Yes, it is the 535d, fully kitted, with Individual Leather... and you are right, its got a great start in life.

Matt & Lee - fabulous guys, great fun to work with...


----------



## stangalang (Nov 27, 2009)

camerashy said:


> Amazing job again, Guys, lovely motor and looks the business.
> Matt when you talk about the acoustic carpet area, is this in the rear wheel arches and do you just use shampoo and brush to clean
> thanks
> Dave


Yeah dave i just shampooed them with a stiff brush and hoovered them out. Then brushed them again. Easy peasy. Either an interior shampoo, exterior shampoo or even an apc with a brush if they are horrid. These were pretty clean already, as expected


----------



## Steampunk (Aug 11, 2011)

stangalang said:


> Hey sam great to hear from you. I trust you are good?
> 
> Rotex is excellent. I don't regret it in the slightest.

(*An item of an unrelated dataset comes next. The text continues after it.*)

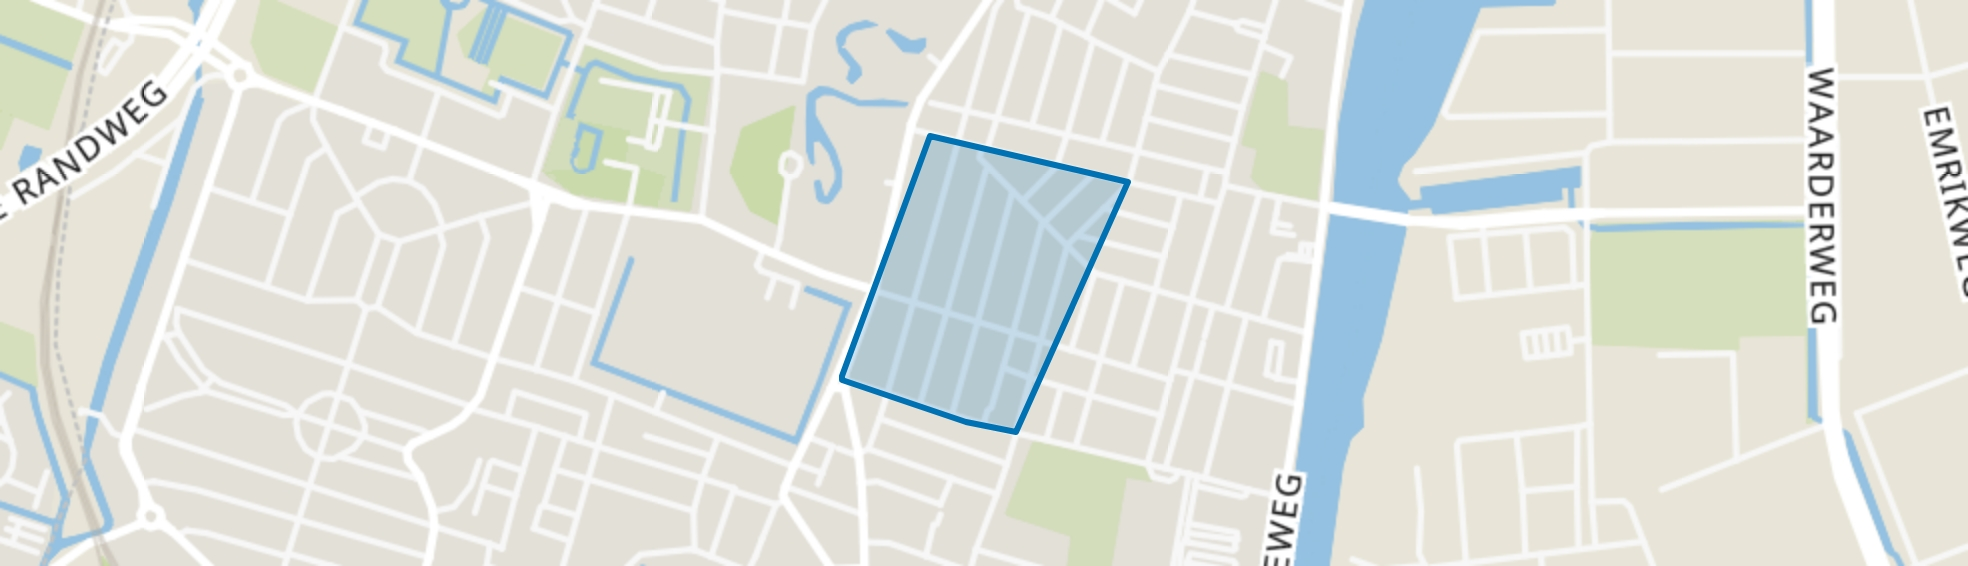 Generaalsbuurt, Haarlem map

The level of correction and finish i can get in one go is crazy, and its very well built indeed. It does get very hot with heavy use, so i just get on with something else lol


Yeah, I'm doing alright... Took a little break, but slowly getting back in the game.

Thank you for the feedback on the Rotex! I am definitely looking at upgrading my machine in the near future, and these are on my short list...

Great work, again, from the both of you! :thumb:

- Steampunk


----------



## Clyde (Feb 15, 2012)

That looks stunning


----------



## JBirchy (Oct 9, 2010)

GSPannu said:


> Yes, it is the 535d, fully kitted, with Individual Leather... and you are right, its got a great start in life.
> 
> Matt & Lee - fabulous guys, great fun to work with...


Utterly stunning car, lovely to see someone take care in choosing the colour combination and the options and not just automatically go for the 'M-Sport' trim. It certainly looks like a real executive car, exactly what a 5-Series should be.

Yes I've been lucky enough to spend some time with both Matt and Lee, and I can vouch for everything you say. Two of the true grafters in the industry who are sometimes a little too modest!


----------



## GSPannu (Jun 19, 2009)

JBirchy said:


> Utterly stunning car, lovely to see someone take care in choosing the colour combination and the options and not just automatically go for the 'M-Sport' trim. It certainly looks like a real executive car, exactly what a 5-Series should be.
> 
> Yes I've been lucky enough to spend some time with both Matt and Lee, and I can vouch for everything you say. Two of the true grafters in the industry who are sometimes a little too modest!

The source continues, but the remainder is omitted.